Clonezilla’s goal is somewhat more modest than this, but it uses DRBL’s PXE boot support in order to actually serve images to nodes.

As for multicast Clonezilla simply uses udpcast’s udp-send and udp-receive commands in order to move data from the Server to nodes.

For partition imaging Clonezilla is able to use three systems: partimage, partclone, ntfsclone, and dd.

Partimage is unaffiliated with NCHC and started development in 2001, though it doesn’t seem to be in especially active development as the last stable release was in 2010. It supports many file systems (with support meaning it can essentially ignore unused sectors on the disk to reduce image size and clone/restoration time) specifically: ext2/ext3, reiserfs-3, fat16/32, hpfs, jfs, xfs. Beta: ufs, hfs Experimental: ntfs. Of note from this list, though, is that UFS’s support is apparently “experimental”. In addition, ext4 is very much not supported. An ext4 image can be cloned as an ext3 image, but if any ext4 features are used (like extents) then it will result in an unusable image. Partimage claims that the format is designed to ensure that restoring a disk happens sequentially across the drive so that it uses the minimum number of seeks.
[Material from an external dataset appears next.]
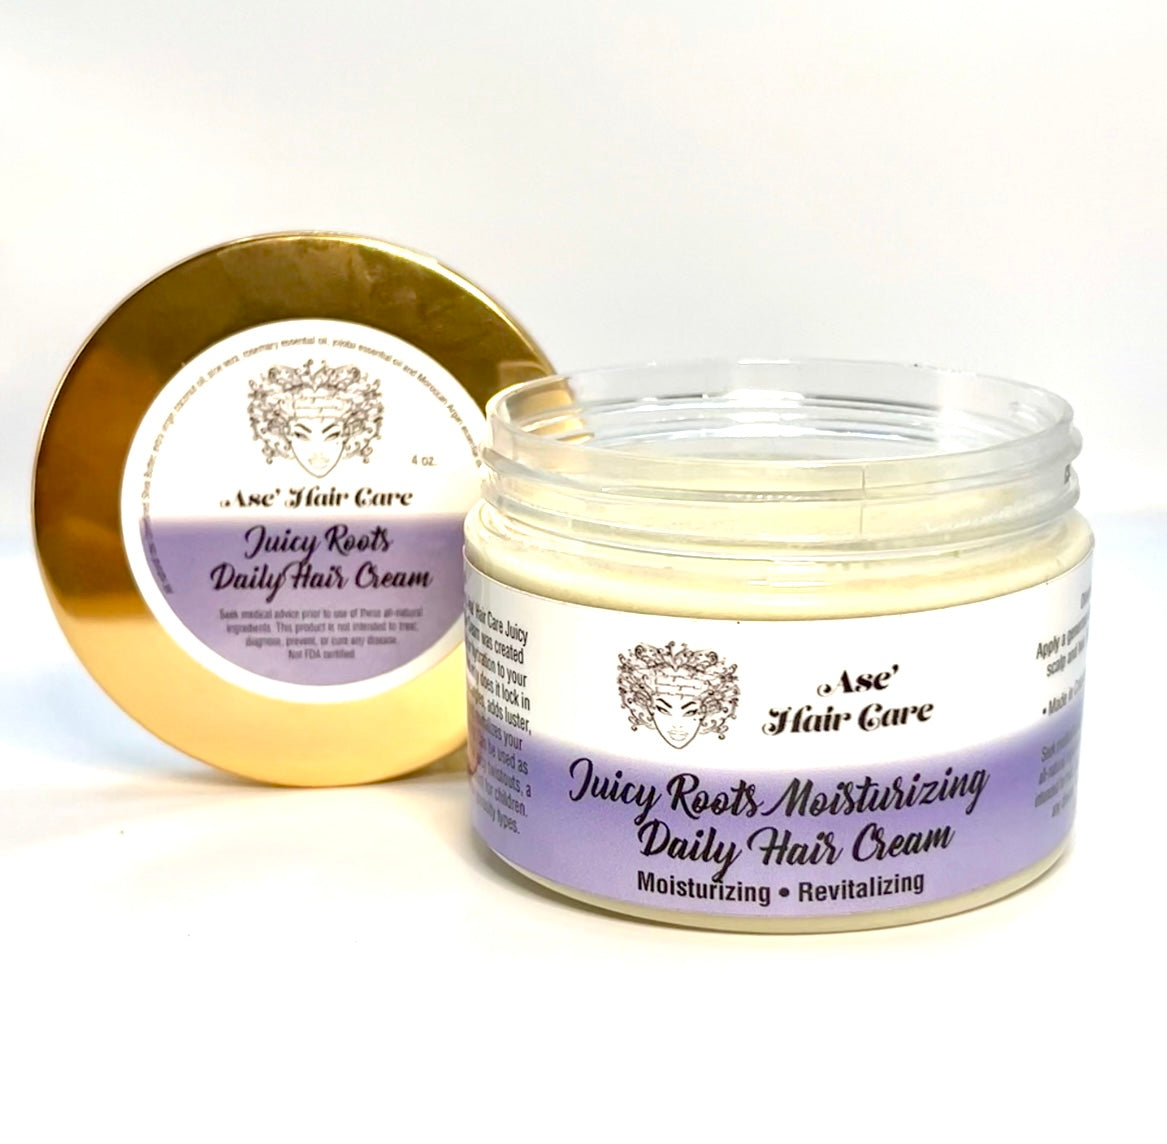 Simple all natural Ase’ Hair Care Juicy Roots Daily Hair Cream was created to provide superior hydration to your beautiful coils. Not only does it lock in moisture, but it detangles, adds luster, aids in growth and revitalizes your hair from root to tip!

Partclone is a project developed by NCHC as a replacement to partimage and is the default imaging system used by Clonezilla. It has support for many more filesystems, though ext2, ext3, ext4, hfs+, reiserfs, reiser4, btrfs, vmfs3, vmfs5, xfs, jfs, ufs, ntfs, fat(12/16/32), exfat.

Ntfsclone for the purpose of this analysis I didn't look into ntfsclone too much. As the name suggests, it only supports cloning ntfs.

dd is exactly what you’d expect, it simply runs dd on the partition and writes it to a file. The file is generally gzipped to save some space, though it still ends up being very large. Since the above systems support most of the common file system formats dd is rarely used, though it is available if a partition’s file system is unsupported.

Clonezilla’s Shortcomings

As of version 2.1.2-20 Clonezilla doesn't actually support multiple image restore sessions happening on the same LAN. This is something that would definitely need to be remedied if it was adopted by DeterLab. On the positive side, though, this isn't a problem with udpcast itself. Udpcast uses a default multicast address that Clonezilla doesn't change right now. Adding support for multiple restores would only involve modifying the way that Clonezilla calls udpcast to ensure that we have each restore session happening on its own multicast address.

Performance Numbers

In order to test potential performance of Clonezilla in comparison to the current frisbee system I created a deter experiment for testing each. The Clonezilla experiment used three Ubuntu machines with one server imaging two clients while the frisbee experiment used three FreeBSD 9 machines running frisbee (this is due to the fact that while Frisbee’s imagezip and imageunzip programs can be compiled and run on Linux, Frisbee's frisbee client can only run under FreeBSD).